_What needs to be done_:
Although the listing contains pictures, reproduce only its text, exactly as written.

** Recorded information follows **

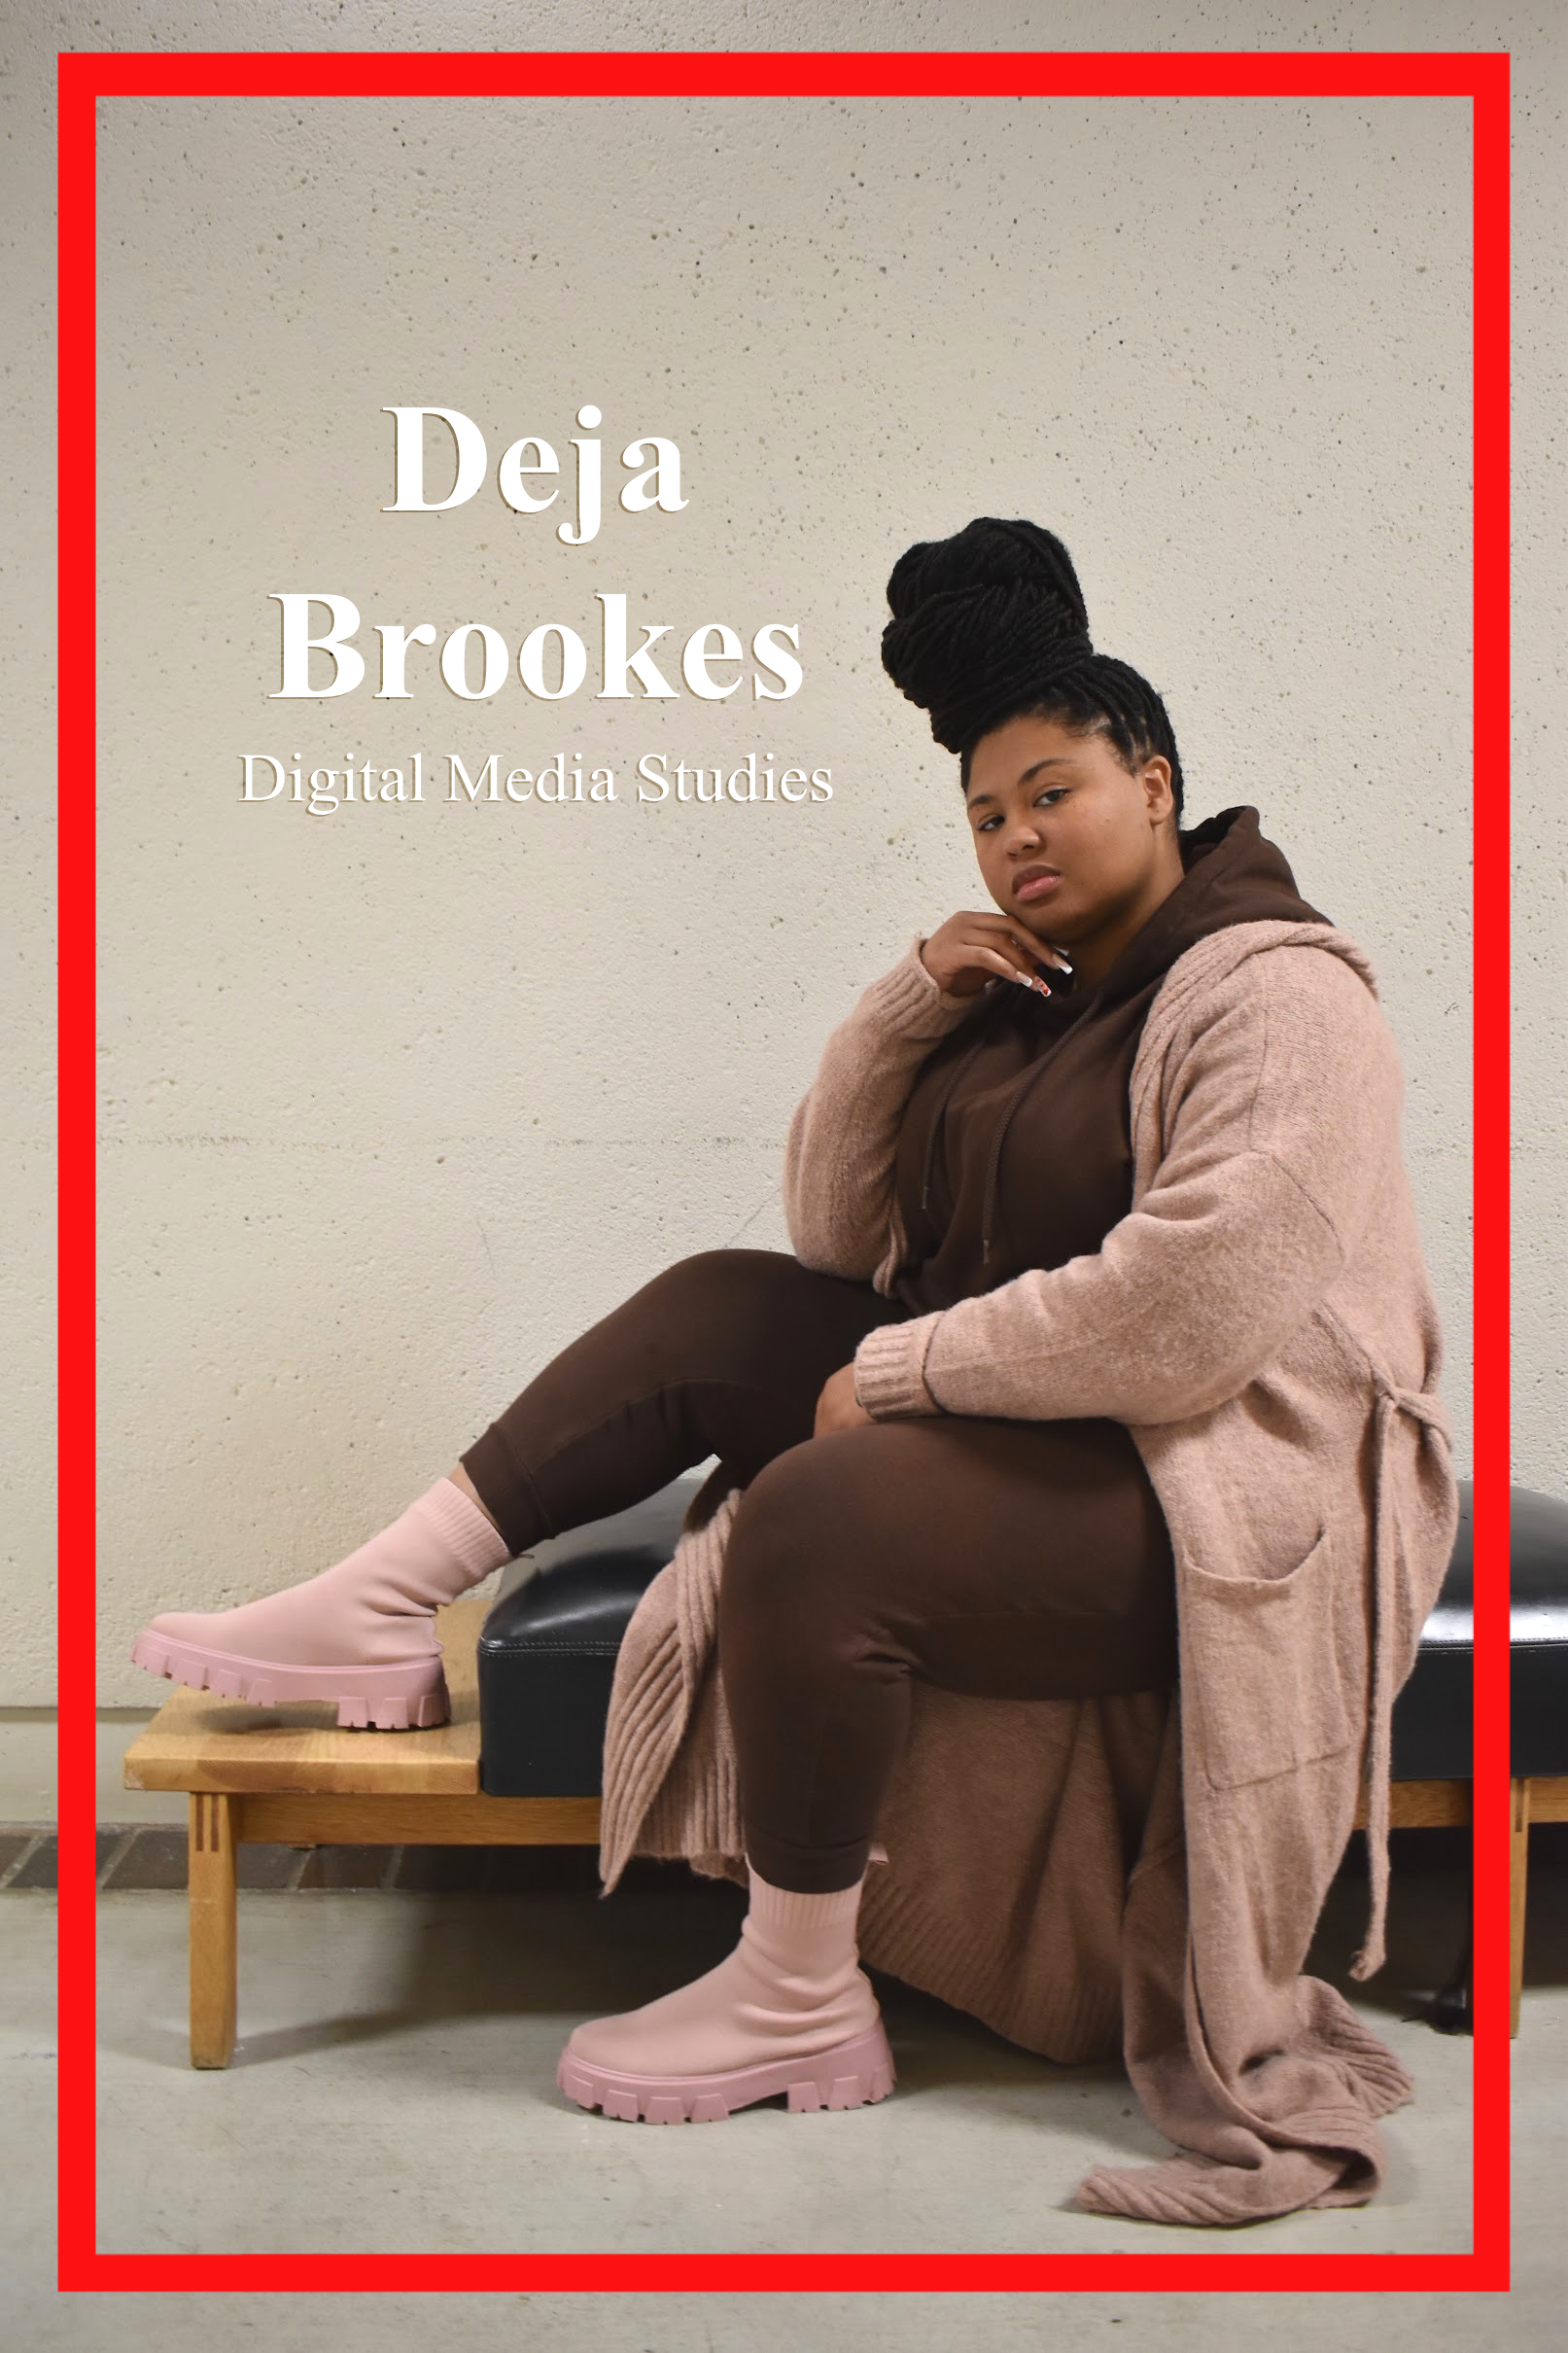 Deja Brookes, Digital Media Studies Major, poses on a bench in Arbor Central. Dressed in a matching brown track suit with a cotton dusty rose cardigan and boots.
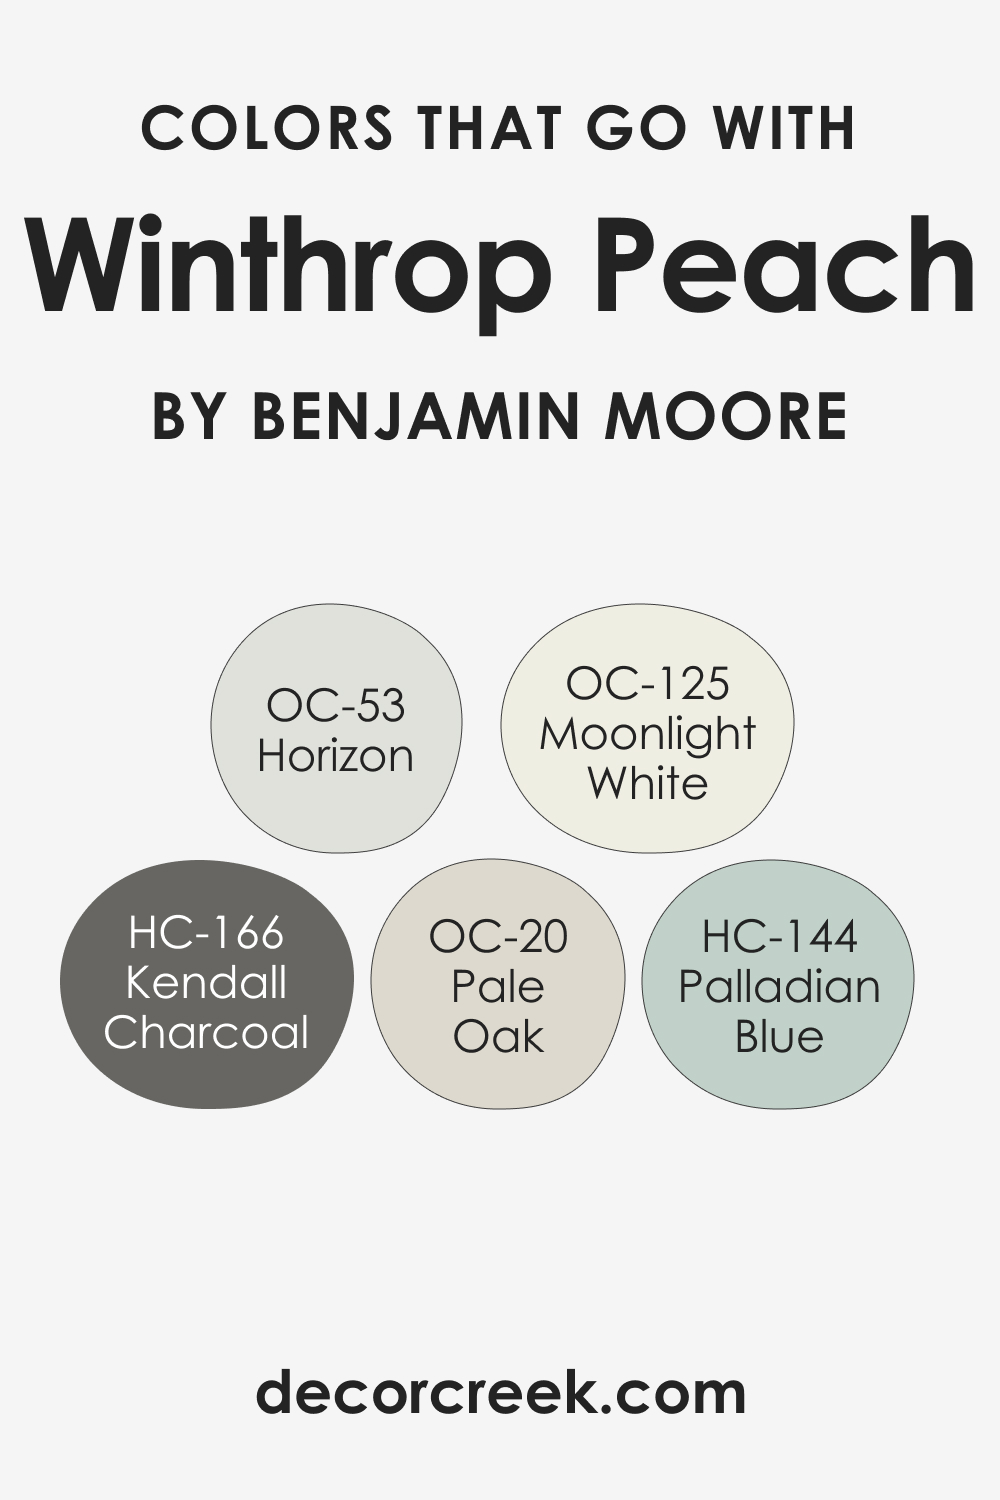 Colors That Go With Winthrop Peach HC-55
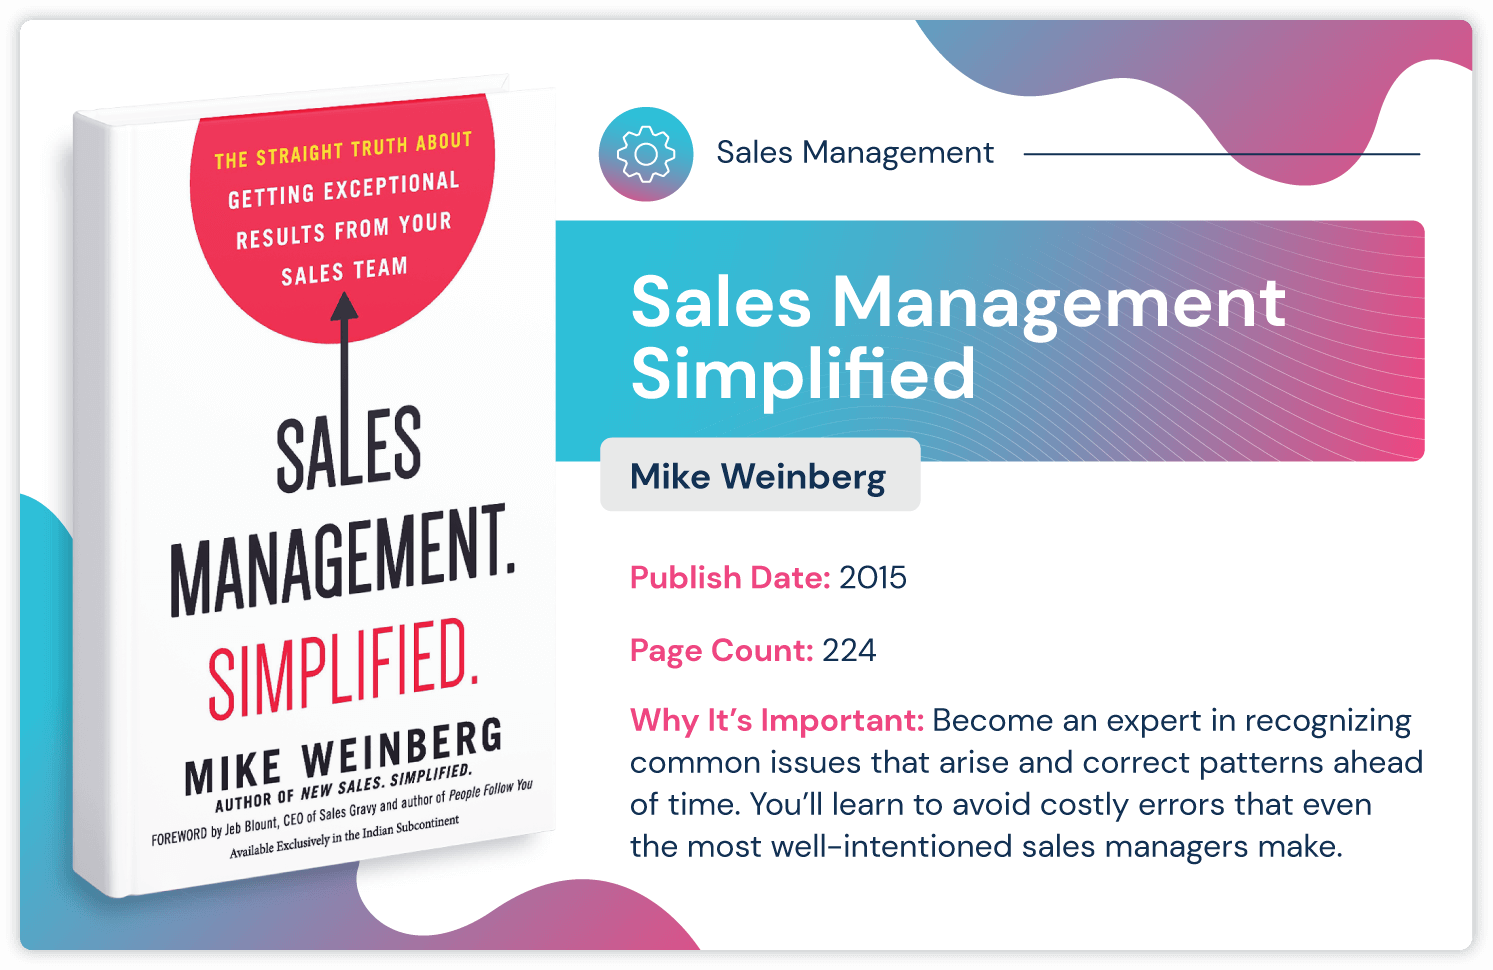 Sales management book called "Sales Management Simplified by Mike Weinberg about avoiding costly sales management errors. Published in 2015 and 224 pages long
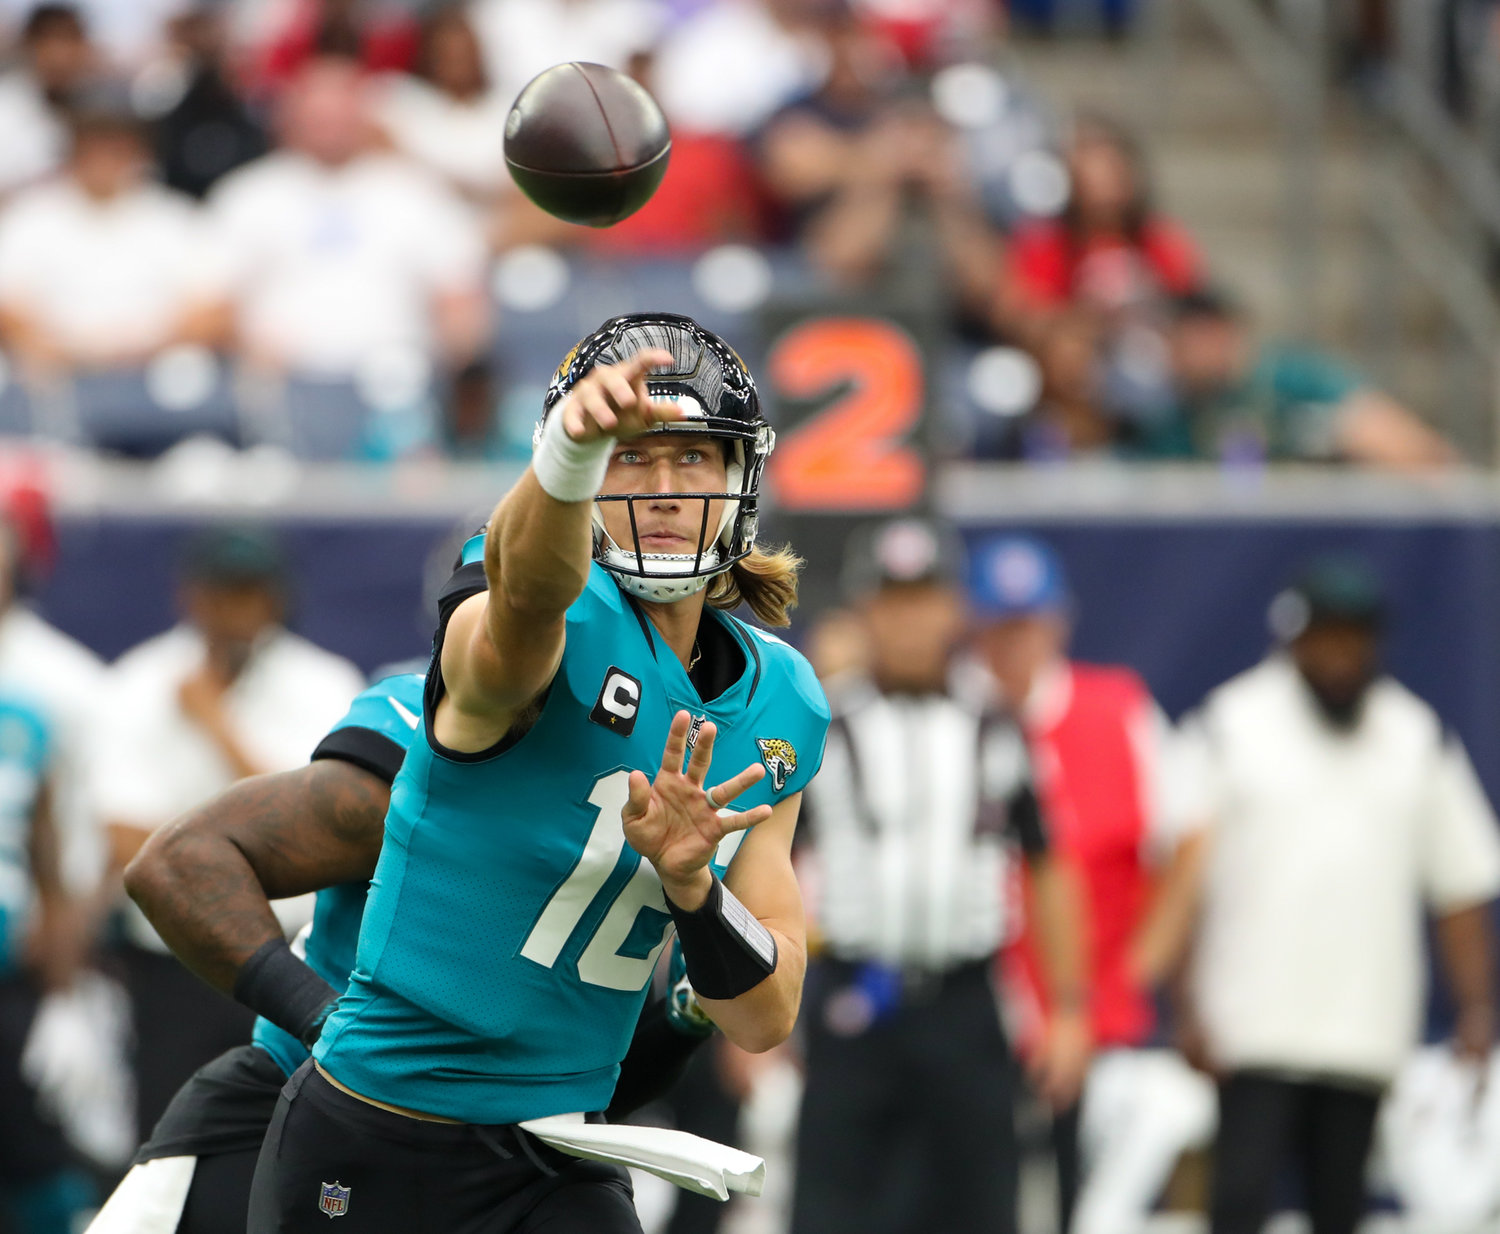 Jacksonville Jaguars quarterback Trevor Lawrence (16) passes the ball during the first half of an NFL game between the Houston Texans and the Jacksonville Jaguars on September 12, 2021 in Houston, Texas.

** End of Recorded information **

_Answer space_:
 Deja Brookes, Digital Media Studies Major, poses on a bench in Arbor Central. Dressed in a matching brown track suit with a cotton dusty rose cardigan and boots.
 Colors That Go With Winthrop Peach HC-55
 Sales management book called "Sales Management Simplified by Mike Weinberg about avoiding costly sales management errors. Published in 2015 and 224 pages long
 Jacksonville Jaguars quarterback Trevor Lawrence (16) passes the ball during the first half of an NFL game between the Houston Texans and the Jacksonville Jaguars on September 12, 2021 in Houston, Texas.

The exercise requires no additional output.